What’s Actually Changing

The new system combines an electrically heated convection furnace with induction heating technology and waste heat reticulation — a configuration that captures and redistributes heat that would otherwise be lost entirely. The efficiency gap that closes as a result is significant: the existing gas-fired furnace operates at roughly 20% energy efficiency. The incoming electric system is projected to exceed 90%.

That kind of jump reflects a structural difference in how the two technologies transfer energy. Gas furnaces lose the majority of their input as exhaust heat before it reaches the aluminium being processed. Convection and induction systems transfer energy far more directly, which is why the efficiency differential is as wide as it is.

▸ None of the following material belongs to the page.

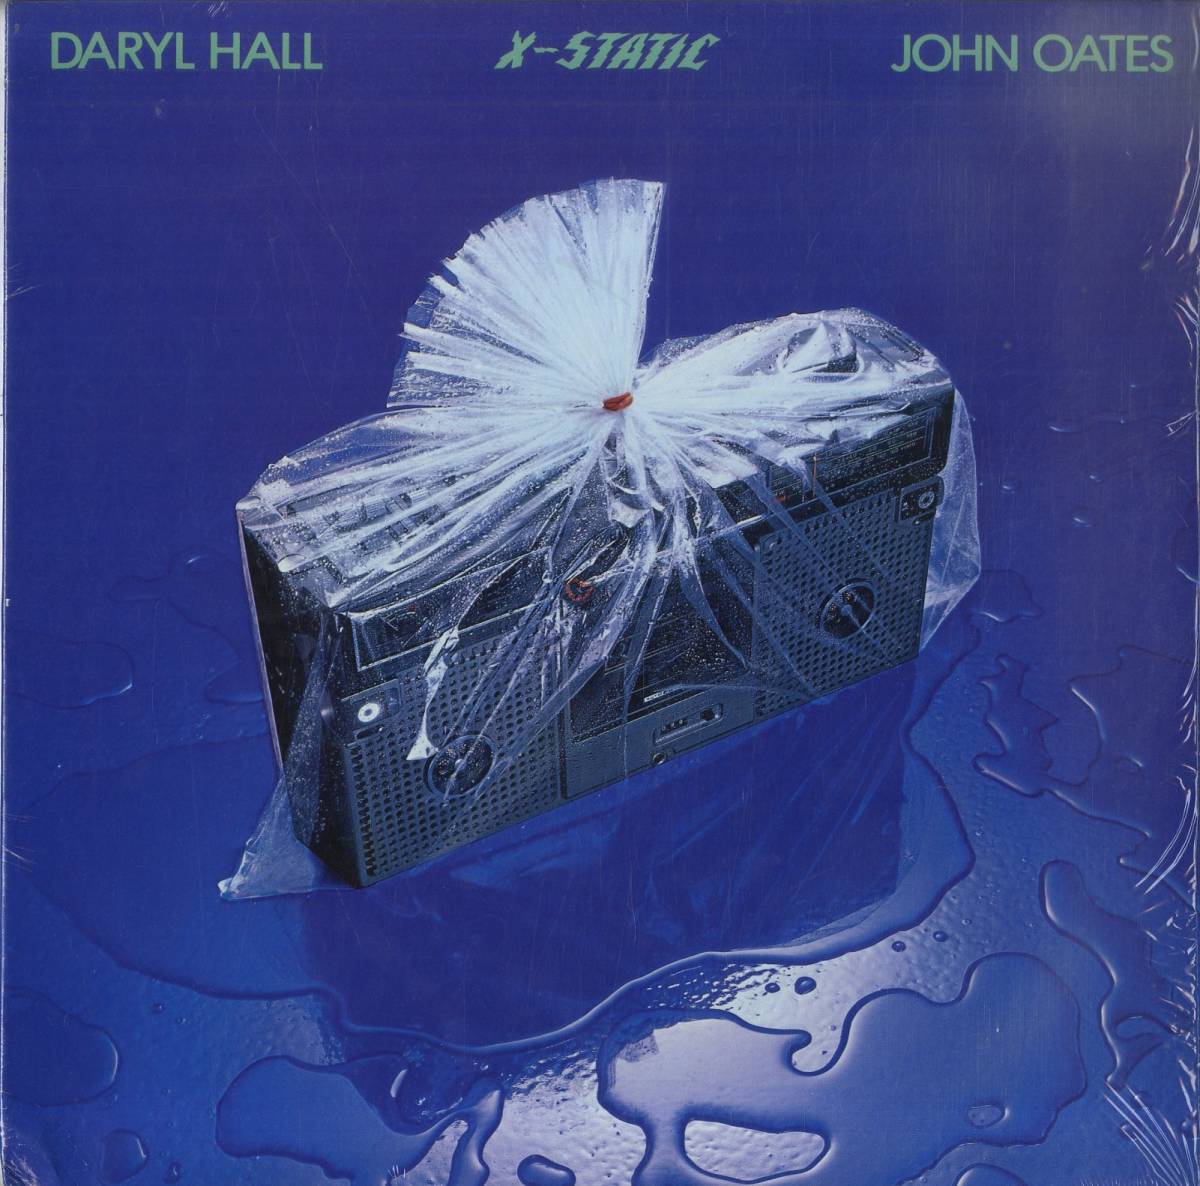 A00466571/LP/ダリル・ホールとジョン・オーツ「X-Static (1979年・AFL1-3494・ディスコ・DISCO)」_画像1

On emissions, the project is projected to reduce Capral’s Scope 1 output by approximately 973 tonnes of CO₂-equivalent per year — around 9% of the company’s total Scope 1 footprint. That’s a direct reduction, not offset through renewable energy certificates or market instruments.

What Capral Says

Richard Axe, Capral’s National Extrusion Business Manager, described the upgrade in straightforward terms. Moving from gas to electric, he said, allows the company to reduce emissions, lower fuel costs, and improve reliability and output simultaneously — framing the project as an operational improvement that happens to deliver environmental outcomes, rather than the other way around.

CEO Tony Dragicevich pointed to ARENA’s role in making the project viable at this scale, noting that external funding support is what enables investment in new technology while maintaining competitive manufacturing capability.

Why the Bremer Park Project Carries Broader Significance

Commissioning is scheduled for early 2027, and Capral has been explicit that the installation will serve as a reference point for future decisions across its national network. Several furnaces across the company’s Australian facilities are approaching end-of-life over the coming decade. What Bremer Park demonstrates — in terms of performance, integration complexity, and cost outcomes — will directly shape whether those replacements go electric or default to like-for-like gas.

That makes the documentation of this project as important as the project itself. High-temperature industrial electrification remains underrepresented in Australian manufacturing, and a well-recorded commercial installation carries weight that feasibility studies don’t.